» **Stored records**
● ● ● ● ●

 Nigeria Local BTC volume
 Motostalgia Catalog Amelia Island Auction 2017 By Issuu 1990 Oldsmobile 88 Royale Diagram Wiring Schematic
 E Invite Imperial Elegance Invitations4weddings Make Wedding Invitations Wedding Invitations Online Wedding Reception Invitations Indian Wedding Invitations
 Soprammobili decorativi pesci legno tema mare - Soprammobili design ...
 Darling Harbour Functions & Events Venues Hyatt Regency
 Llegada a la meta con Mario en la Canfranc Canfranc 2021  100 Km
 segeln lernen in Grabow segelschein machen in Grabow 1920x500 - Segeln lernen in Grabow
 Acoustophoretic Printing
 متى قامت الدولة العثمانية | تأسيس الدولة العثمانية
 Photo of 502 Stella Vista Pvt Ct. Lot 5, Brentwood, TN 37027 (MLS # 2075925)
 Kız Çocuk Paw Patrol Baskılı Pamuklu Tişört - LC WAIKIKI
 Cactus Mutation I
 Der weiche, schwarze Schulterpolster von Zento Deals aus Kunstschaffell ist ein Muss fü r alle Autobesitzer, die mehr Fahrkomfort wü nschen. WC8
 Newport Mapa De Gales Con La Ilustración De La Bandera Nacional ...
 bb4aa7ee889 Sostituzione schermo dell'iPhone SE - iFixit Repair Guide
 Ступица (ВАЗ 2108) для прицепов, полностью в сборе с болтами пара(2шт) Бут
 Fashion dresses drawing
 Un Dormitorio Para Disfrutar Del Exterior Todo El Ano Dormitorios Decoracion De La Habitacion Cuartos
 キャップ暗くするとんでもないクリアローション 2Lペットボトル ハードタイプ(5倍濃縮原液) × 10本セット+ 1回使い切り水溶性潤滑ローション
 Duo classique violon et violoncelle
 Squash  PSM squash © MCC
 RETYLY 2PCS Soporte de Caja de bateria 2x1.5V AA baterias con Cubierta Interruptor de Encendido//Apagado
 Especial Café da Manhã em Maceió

● ● ● ● ●

» **Work request**
Please transcribe each of the entries, exactly as written.

» **Worked solution**
 Nigeria Local BTC volume
 Motostalgia Catalog Amelia Island Auction 2017 By Issuu 1990 Oldsmobile 88 Royale Diagram Wiring Schematic
 E Invite Imperial Elegance Invitations4weddings Make Wedding Invitations Wedding Invitations Online Wedding Reception Invitations Indian Wedding Invitations
 Soprammobili decorativi pesci legno tema mare - Soprammobili design ...
 Darling Harbour Functions & Events Venues Hyatt Regency
 Llegada a la meta con Mario en la Canfranc Canfranc 2021  100 Km
 segeln lernen in Grabow segelschein machen in Grabow 1920x500 - Segeln lernen in Grabow
 Acoustophoretic Printing
 متى قامت الدولة العثمانية | تأسيس الدولة العثمانية
 Photo of 502 Stella Vista Pvt Ct. Lot 5, Brentwood, TN 37027 (MLS # 2075925)
 Kız Çocuk Paw Patrol Baskılı Pamuklu Tişört - LC WAIKIKI
 Cactus Mutation I
 Der weiche, schwarze Schulterpolster von Zento Deals aus Kunstschaffell ist ein Muss fü r alle Autobesitzer, die mehr Fahrkomfort wü nschen. WC8
 Newport Mapa De Gales Con La Ilustración De La Bandera Nacional ...
 bb4aa7ee889 Sostituzione schermo dell'iPhone SE - iFixit Repair Guide
 Ступица (ВАЗ 2108) для прицепов, полностью в сборе с болтами пара(2шт) Бут
 Fashion dresses drawing
 Un Dormitorio Para Disfrutar Del Exterior Todo El Ano Dormitorios Decoracion De La Habitacion Cuartos
 キャップ暗くするとんでもないクリアローション 2Lペットボトル ハードタイプ(5倍濃縮原液) × 10本セット+ 1回使い切り水溶性潤滑ローション
 Duo classique violon et violoncelle
 Squash  PSM squash © MCC
 RETYLY 2PCS Soporte de Caja de bateria 2x1.5V AA baterias con Cubierta Interruptor de Encendido//Apagado
 Especial Café da Manhã em Maceió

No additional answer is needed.